Será que é um personagem de algum romance ou um poeta cuja alma e/ou espírito inspirados procura um lápis ou uma caneta e papel para escrever um verso, um soneto ou um poema?

“Assustado”, continuo me interrogando: será a voz escrava saindo de dentro de um livro de história ou o capataz torturando-a? É a voz de um “índio” gritando socorro, um socorro tão longe, longo e profundo que não consigo ouvir e compreender?

Serão as vozes dos assassinados da favela do Jacarezinho?

Numa rara alegria imagino que pode ser a voz que vai me ditar a crônica ou um artigo ou um poema. A alegria durou o tempo do segundo pensamento.

Procuro, com os olhos, entre as lombadas dos livros de onde vem a voz. São tantas as lombadas e a voz – tenho a impressão – muda de lugar, foge dos meus olhos, engana meus ouvidos e logo – por não entender o que diz – penso ser um francês: Sartre?

Que alegria!

Sartre tentando se comunicar comigo. É só imaginação. Delírio?

Não sou kardecista.

Presto atenção. Não, não é francês. A voz vem de duas prateleiras abaixo.

É japonês?

Será o Musashi?

Vai me ensinar o que é ser um samurai?

Será que é Gabriel García Márquez, que dentro dos seus Cem Anos de Solidão busca algum conforto?

Procuro entre alguns livros – comprados em sebos – usados qual deles pode estar falando comigo.

Pode ser uma alma “penada” pelo uso indevido do livro. Imagino que pode ser a voz do antigo dono ou de algum personagem que se sentiu traído, abandonado e reclama do ambiente em que se encontra.

Sei que o ambiente aqui de casa não é o adequado. Sei que não dou tudo de mim – enquanto eles estão ali ao meu inteiro dispor – aos livros e aos seus personagens.

Prometo-me a dar mais atenção aos livros, porém no momento dou mais atenção à voz.

Opa! São duas vozes. Agora surgiu uma voz feminina. Paro de digitar e no silêncio das teclas observo ser um diálogo. Diálogo em voz baixa que não compreendo. Não entendo.

Nas prateleiras, os livros – organização pessoal, sem conhecimento de como se organiza uma biblioteca – estão perfilados por temas e para separá-los coloco algumas bonecas/moças ou moços/bonecos de cerâmica. Será que na solidão do dia-noite ganharam voz e estão em algum – por não notarem a minha presença – diálogo amoroso?

Fico com pena. Se for isso, será namoro infrutífero, sem encontro, a menos que eu comovido pelo clamor deste diálogo – caso entenda-o – coloque-os lado a lado.

Imagino-os lado a lado na solidão das noites o que podem fazer.

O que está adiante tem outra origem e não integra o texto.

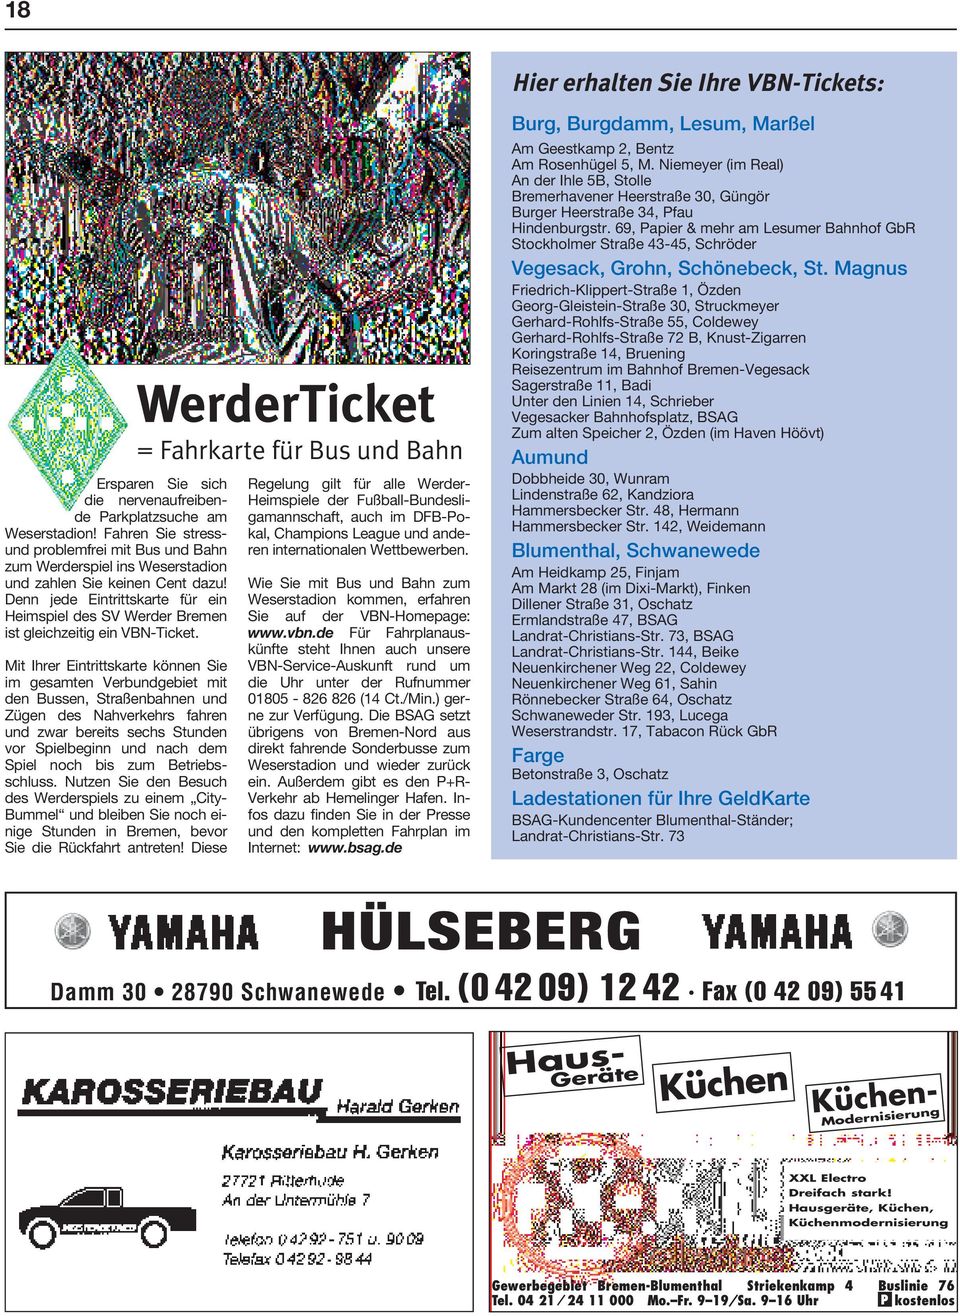 Denn jede Eintrittskarte für ein Heimspiel des SV Werder Bremen ist gleichzeitig ein VBN-Ticket.
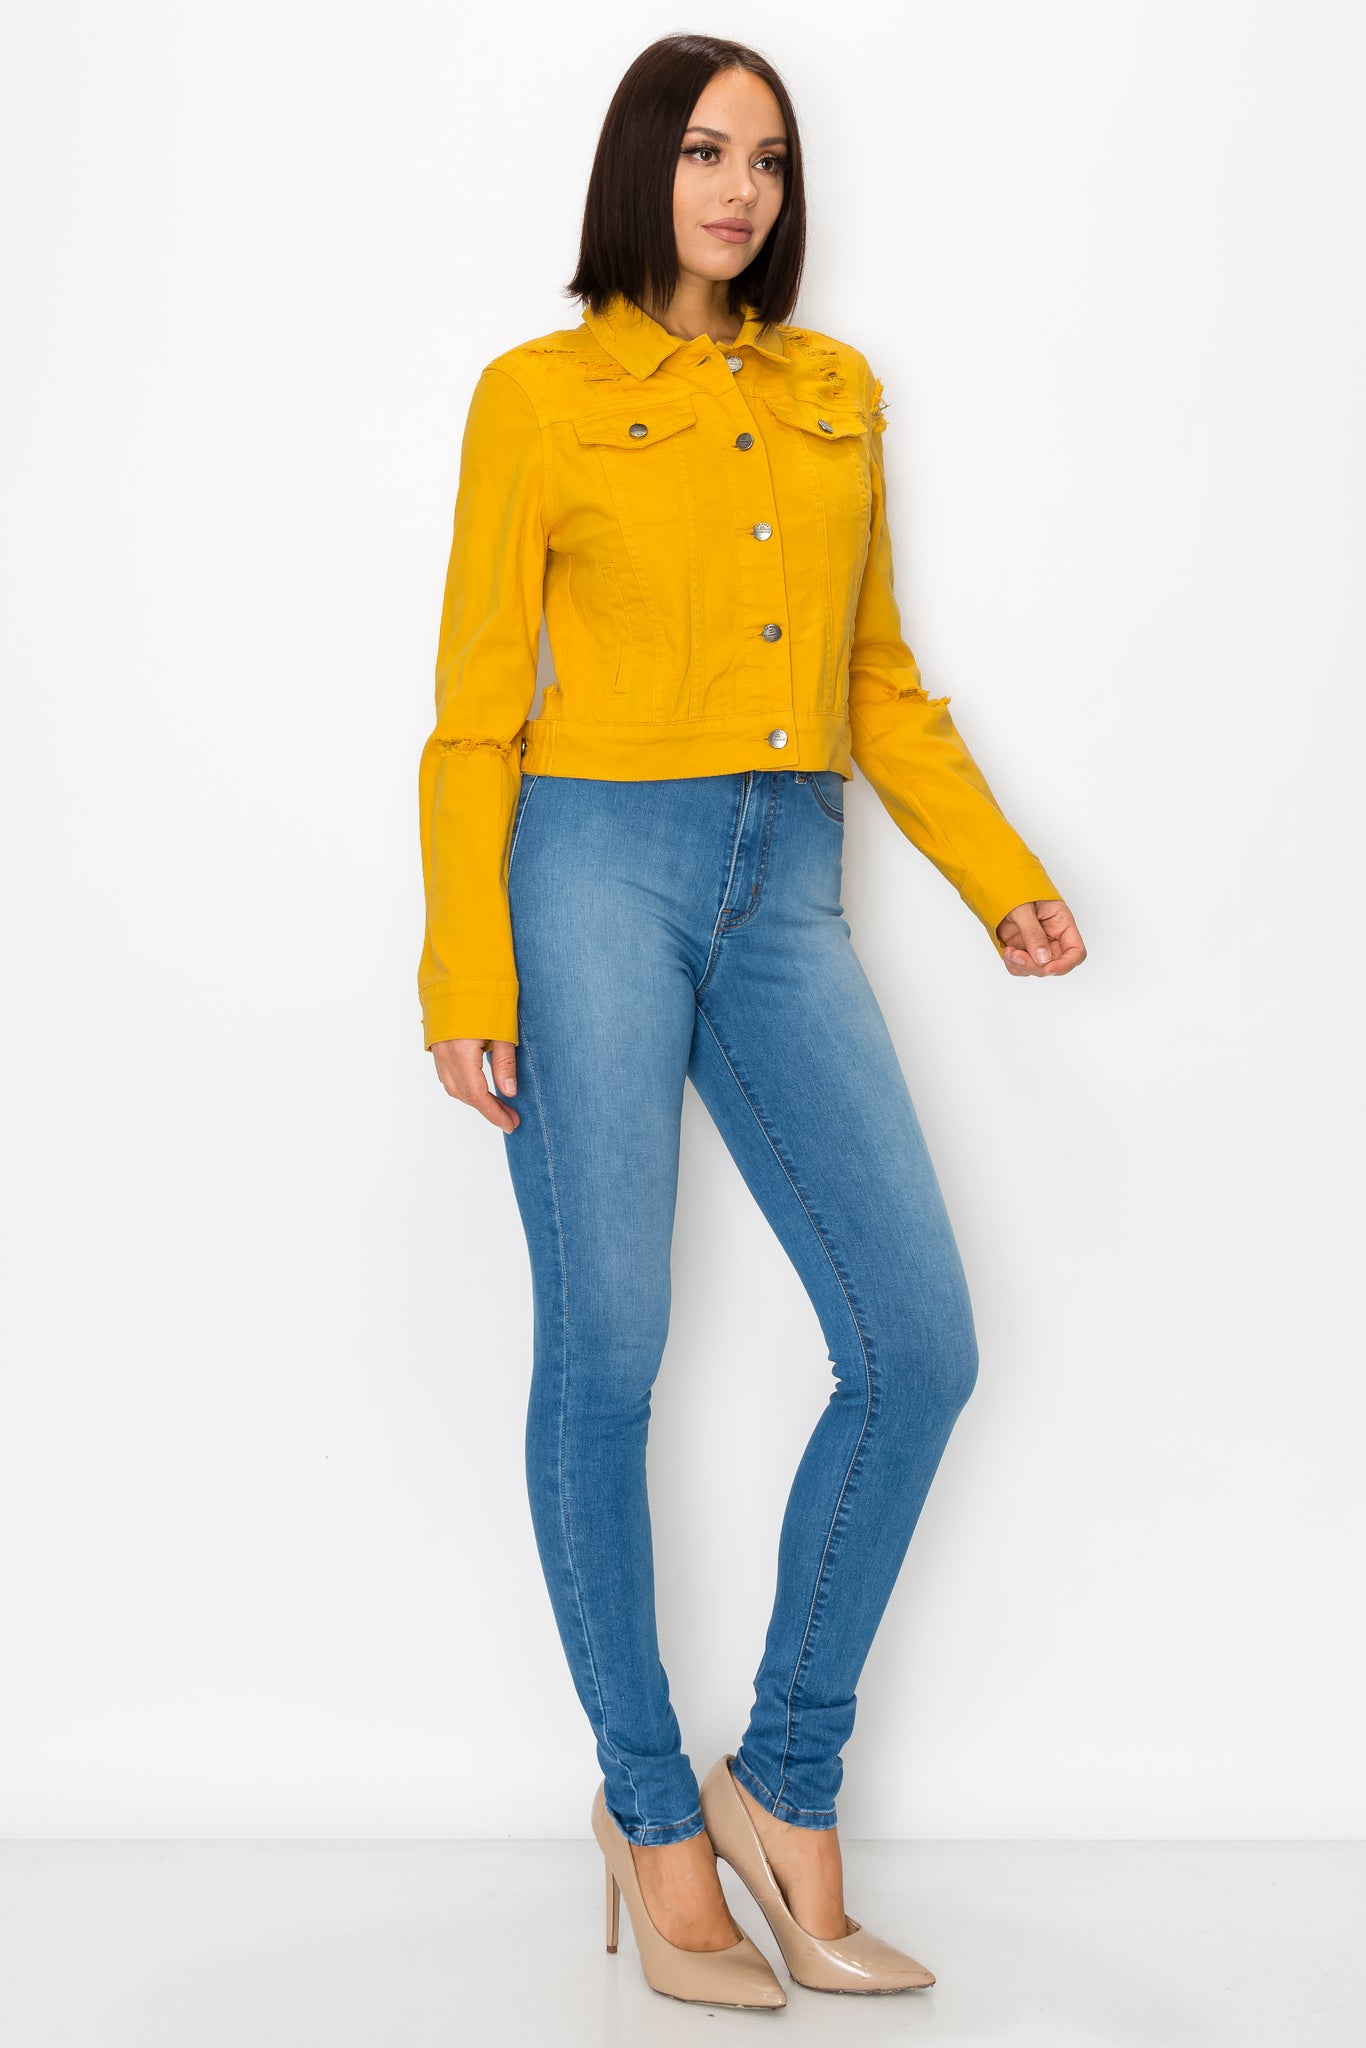 Unique Bargains Women's Button Down Long Sleeve Cropped Denim Jacket M  Yellow - Walmart.com

Depende da idade e do período em que vivem. Alguns terão relações de amor à moda antiga: recatadamente sentados e mantendo distância vigiada. Outros casais serão mais ousados: abraços, beijos e quiçá, longe dos meus olhos alguma relação sexual.

Enquanto escrevia imaginei o romance da moça/boneca da saia rendada e rodada com o músico do violoncelo. Ela mais moderna e ele mais antiquado: que relação seria?

As vozes persistem e eu persisto em descobrir quem fala. Deve ser a voz de alguma dedicatória protestando por ter ido parar num sebo e numa situação constrangedora de liquidação porque o sebo vai fechar.

Abandonado da casa materna/paterna foi parar num respeitável sebo, que em dificuldades financeiras colocou-o numa promoção.

Comprei-o e até agora ela, [a dedicatória] não se conforma por ter passado por um sebo e por eu não dar a devida atenção.

Na procura de onde vinham as vozes: encontrei uma dedicatória – num livro usado – que me pediu para não fazer qualquer referência a ela.

Disse-me que foi parar num sebo contra sua vontade. Dito isso, com a voz triste acrescentou: “são dolorosas recordações”.

Pela tristeza na voz imaginei uma lágrima escorrendo pela página do livro.